The existing order dispatching technology is mainly an autonomous learning method based on reinforcement learning, constructing a Markov decision process, setting the agent, environment state, and agent action, and constructing a state transition function and a reward function according to the environment state and agent action. , based on which the optimal decision is trained to maximize the overall benefit of order dispatching.

Existing technologies are basically based on the interaction between traditional reinforcement learning and the environment to carry out completely autonomous training and learning processes. However, this completely autonomous learning method lacks human participation, and the learning process takes a lot of time; the learning process cannot be controlled. The behavior of the agent may lead to wrong results; the learning results are difficult to simulate complex real scenes.

SUMMARY OF THE INVENTION

The main technical problem solved by the present invention is to provide an order dispatching method based on interactive reinforcement learning, which introduces human-computer interaction in the process of autonomous learning, integrates human-computer interaction modes of human demonstration, interference and evaluation, and learns from human demonstrations. Real data demonstrated by humans can better simulate real order dispatching scenarios; learn from human interference, control the performance of the agent when wrong actions occur in the autonomous learning process, and avoid erroneous results; learn from human evaluations , through manual evaluation of the self-learning results, the learning process is shifted to a better order dispatching strategy, and the learning process is accelerated, so as to obtain the optimal order dispatching strategy; an order dispatching system based on interactive reinforcement learning is also provided.

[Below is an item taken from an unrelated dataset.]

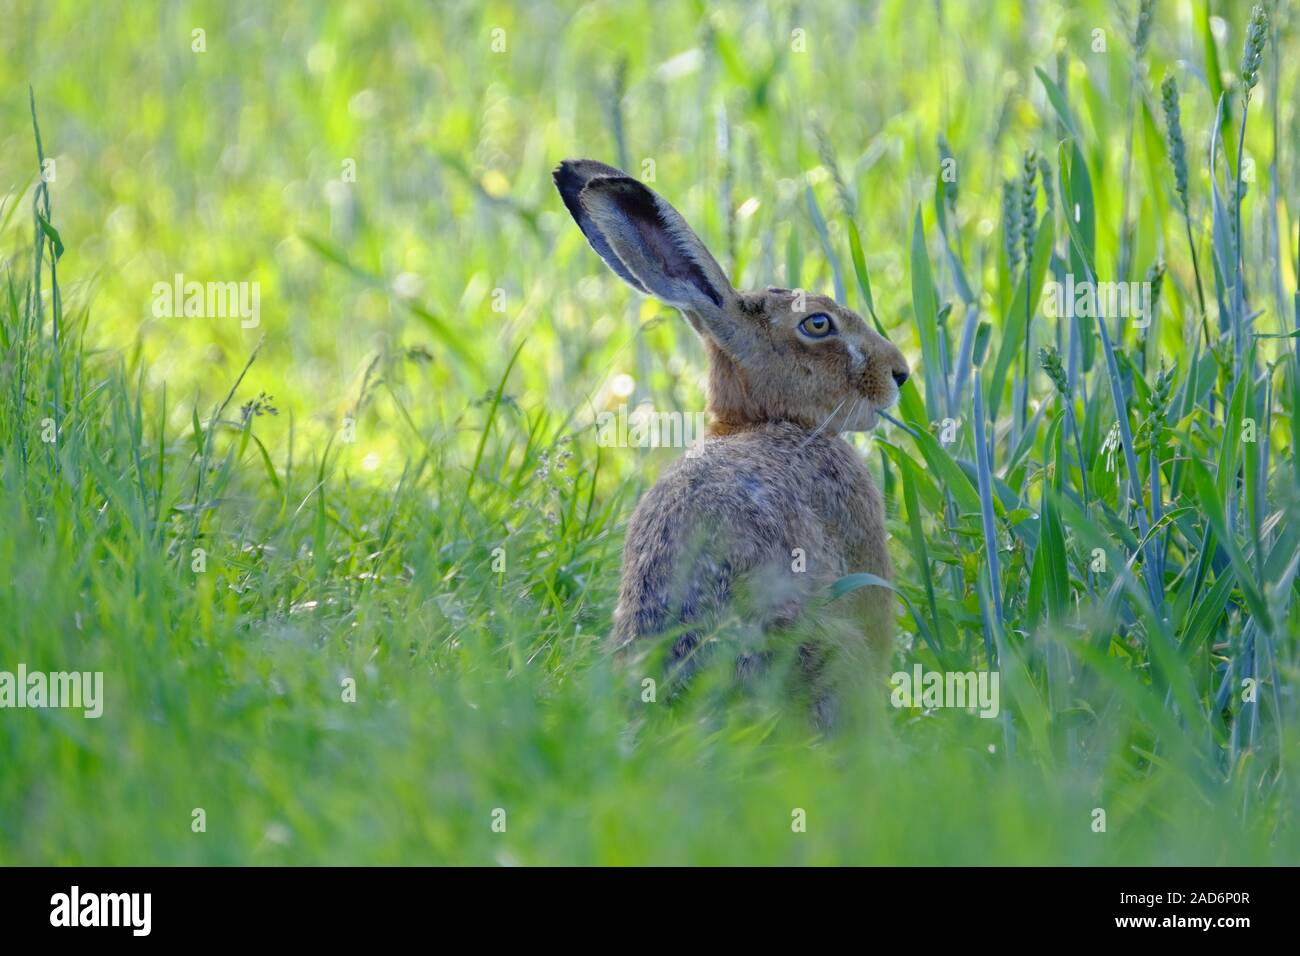 Hare, Lepus europaeus Stock Photo

In order to solve the above-mentioned technical problems, a technical solution adopted by the present invention is to provide an order dispatching method based on interactive reinforcement learning, which includes the following steps:

Step S1, imitating training for order dispatch task modeling;

Step S2, providing a demonstration instance of order dispatch imitating human behavior in terms of the sequence of states and actions, and imitating the order dispatch strategy behavior demonstrated by human through autonomous learning;

Step S3, imitating the behavior of human intervention through autonomous learning when entering a catastrophic state or an error state that human beings are not satisfied with;

Step S4, imitating the behavior of human evaluation feedback through autonomous learning;

Step S5, enter the pure reinforcement learning stage for training, so as to obtain the optimal order dispatching strategy.

As an improvement of the present invention, in step S2, when human demonstration data is generated, a demonstration record of order dispatching is collected from the human demonstration, and Gaussian regression is used to train the human demonstration data, thereby training an order dispatching strategy.

As a further improvement of the present invention, in step S2, if new human demonstration data is generated, the training of imitating the human demonstration data is repeated.

As a further improvement of the present invention, in step S3, the order dispatching task is executed through the order dispatching strategy trained from step S2, when human interference data is generated, the action data of human interference order dispatching is collected, and the execution is changed according to the action data. The action of order dispatching, thereby training a new order dispatching strategy.

As a further improvement of the present invention, in step S3, if new human interference data is generated, the training of imitating the human interference data is repeated.

As a further improvement of the present invention, in step S4, the order dispatching task is executed through the order dispatching strategy trained from step S3, and when human evaluation data is generated, the human evaluation data is collected, and the action of order dispatching task is evaluated by the reward signal, Thereby, a new order dispatching strategy is trained.

As a further improvement of the present invention, in step S4, if new human evaluation data is generated, the training of imitating human evaluation is repeated.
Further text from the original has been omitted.